Soft rot diseases cause a great deal of damage in agriculture, and turn fruits, vegetables, and mushrooms to mush. By using imaging mass spectrometry together with genetic and bioinformatic techniques (genome mining), German researchers have now discovered the substance the bacteria use to decompose mushrooms. As the scientists report in the journal Angewandte Chemie, the substance called jagaricin could represent a starting point for the development of new antifungal drugs.
Button mushrooms with soft rot develop typical lesions and are eventually completely disintegrate. The pathogen causing soft rot in cultivated mushrooms has been identified as Janthinobacterium agarididamnosum. A team led by Christian Hertweck at the Leibniz Institute for Natural Product Research and Infection Biology in Jena (Germany) wanted to know which bacterial compound is responsible for this destruction in order to better understand the pathobiology and to find possible protective measures. If the soft rot bacteria produce a substance that attacks mushrooms, it is also conceivable that this substance could be effective against microbial fungi, which cause dangerous infections in humans.
Their challenge was to search for an unknown substance that the bacteria do not produce under standard culture conditions, but only when they attack a mushroom. Hertweck and his co-workers used a method called genome mining. They sequenced the genome of the bacterium and searched it for relevant biosynthesis genes. Using bioinformatic techniques, they made predictions about the structures of the metabolites.
In order to stimulate the production of virulence factors, the researchers infected slices of button mushroom with the bacterium and examined the resulting decomposed areas with imaging mass spectrometry. This produced a mass spectrum for every point measured on the analyzed surface, allowing the researchers to identify a mass peak that only occurred in spectra from infected areas.
The team found a DNA jag sequence that codes for the biosynthetic apparatus that produces the substance in question. Addition of mushroom fragments and a special growth medium then allowed them to obtain and isolate larger amounts of the compound from a liquid cell culture.
The structure of jagaricin – which is what they called the substance – was fully determined using physical chemical analyses, chemical derivatization, and bioinformatics. The compound is a novel lipopeptide with an unusual structure. Pure jagaricin induces the symptoms of soft rot in mushrooms.
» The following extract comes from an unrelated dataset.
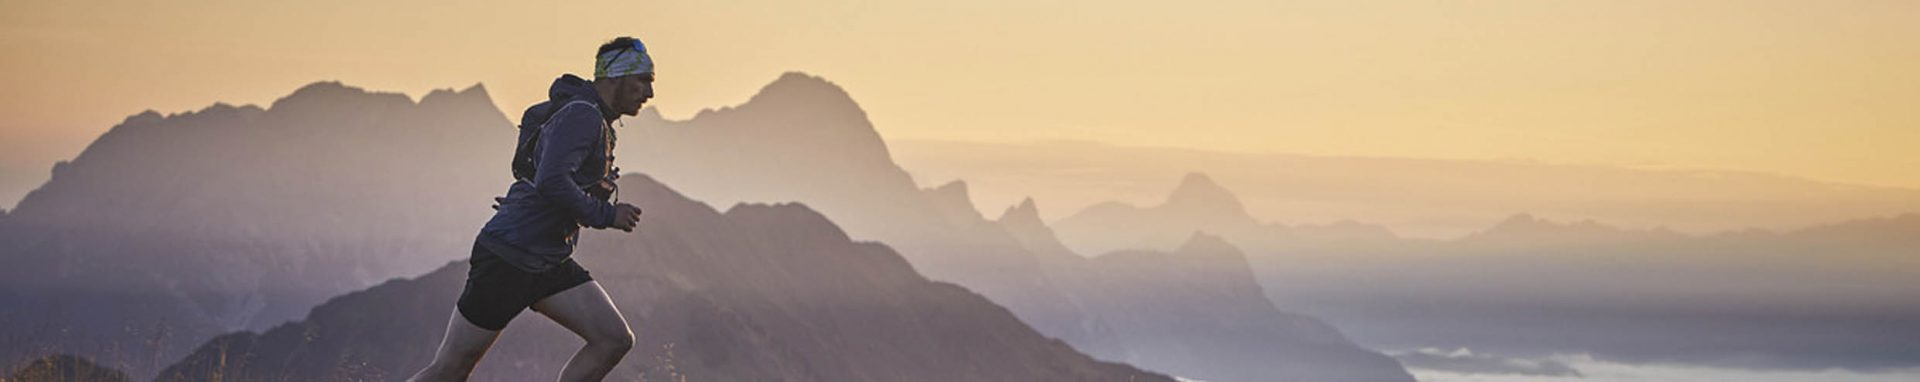 Campeonato Gaúcho Trilhas & Montanhas - 2020

The researchers were thus able to demonstrate that jagaricin is involved in the infectious process of the soft rot disease. Degrading enzymes presumably also participate.
The scientists also determined that jagaricin is effective against Candida albicans, Aspergillus fumigatus, and Aspergillus terreus, which cause human fungal infections. Perhaps this substance could be a starting point for the development of a new antifungal drug.
About the Author
Prof. Dr. Christian Hertweck directs the Division of Biomolecular Chemistry at the Leibniz Institute for Natural Product Research and infection Biology (HKI) and holds the Chair of Natural Products Chemistry at Friederich Schiller University Jena. His research interests are in the field of microbial biosynthesis, in which chemical and biological methods are used synergistically.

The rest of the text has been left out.